**Collected data**
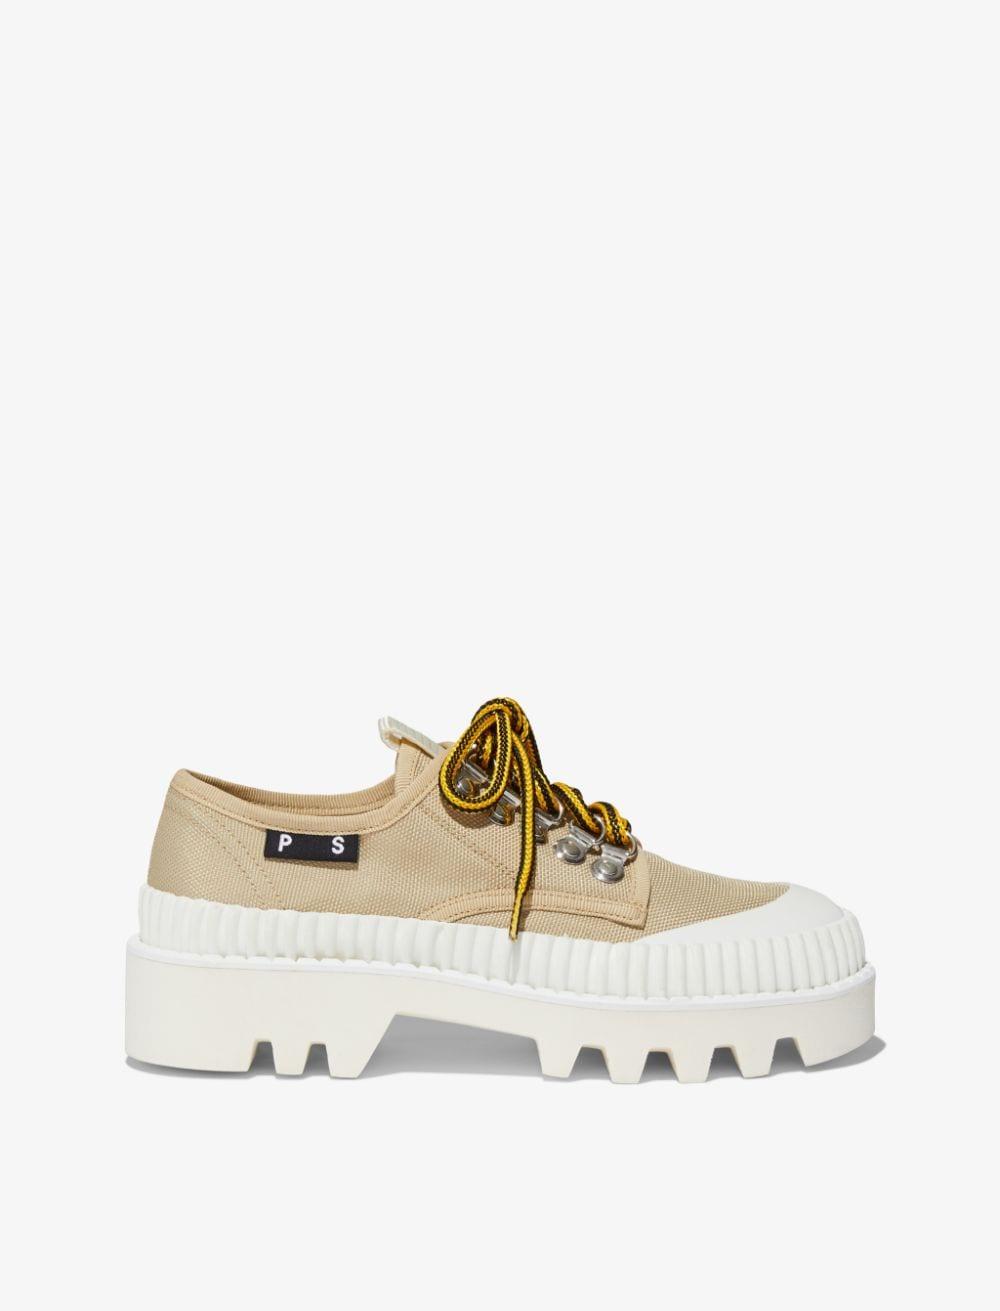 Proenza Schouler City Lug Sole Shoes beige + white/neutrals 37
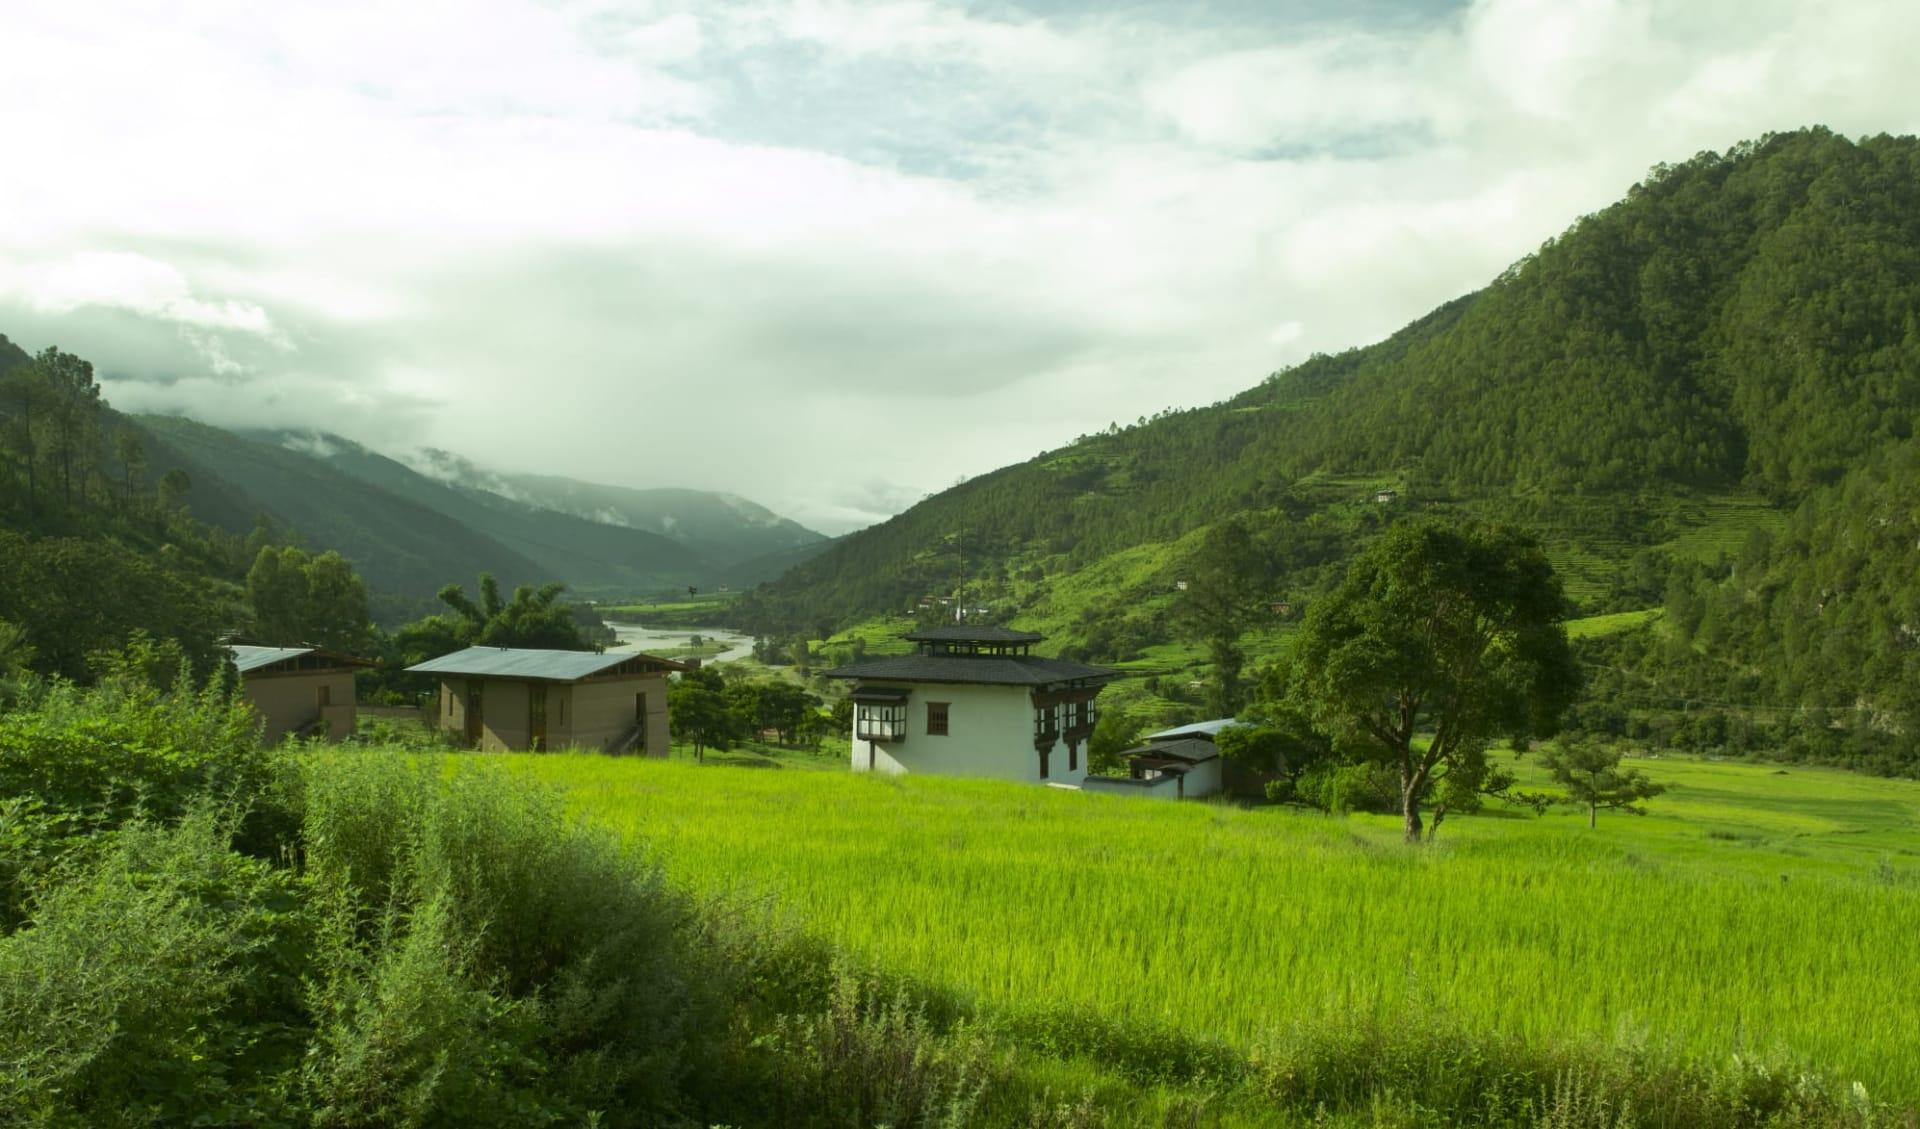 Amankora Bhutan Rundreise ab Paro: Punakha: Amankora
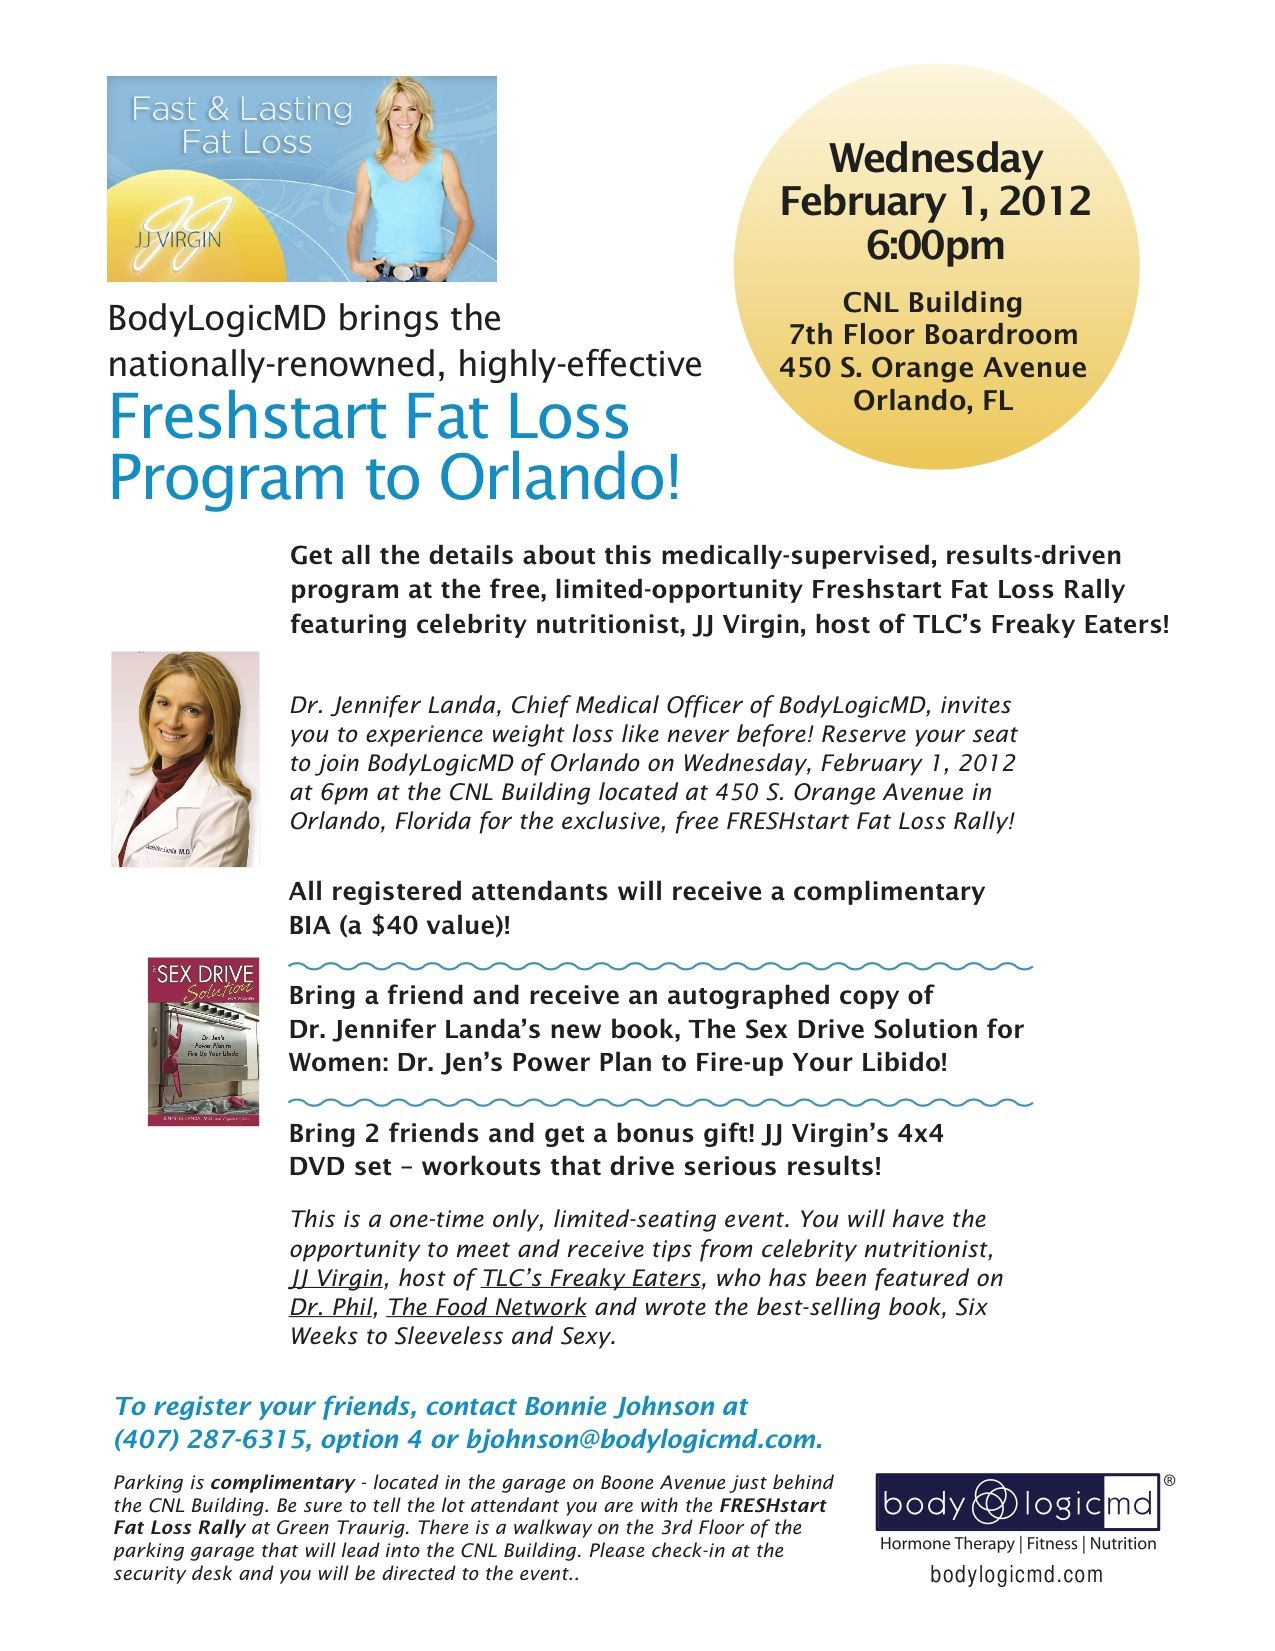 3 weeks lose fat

**About this task**
The required output consists only of the lines from the one containing "Amankora Bhutan Rundreise" to the last line of the material, reproduced exactly, pictures excluded.

**Written response**
 Amankora Bhutan Rundreise ab Paro: Punakha: Amankora
 3 weeks lose fat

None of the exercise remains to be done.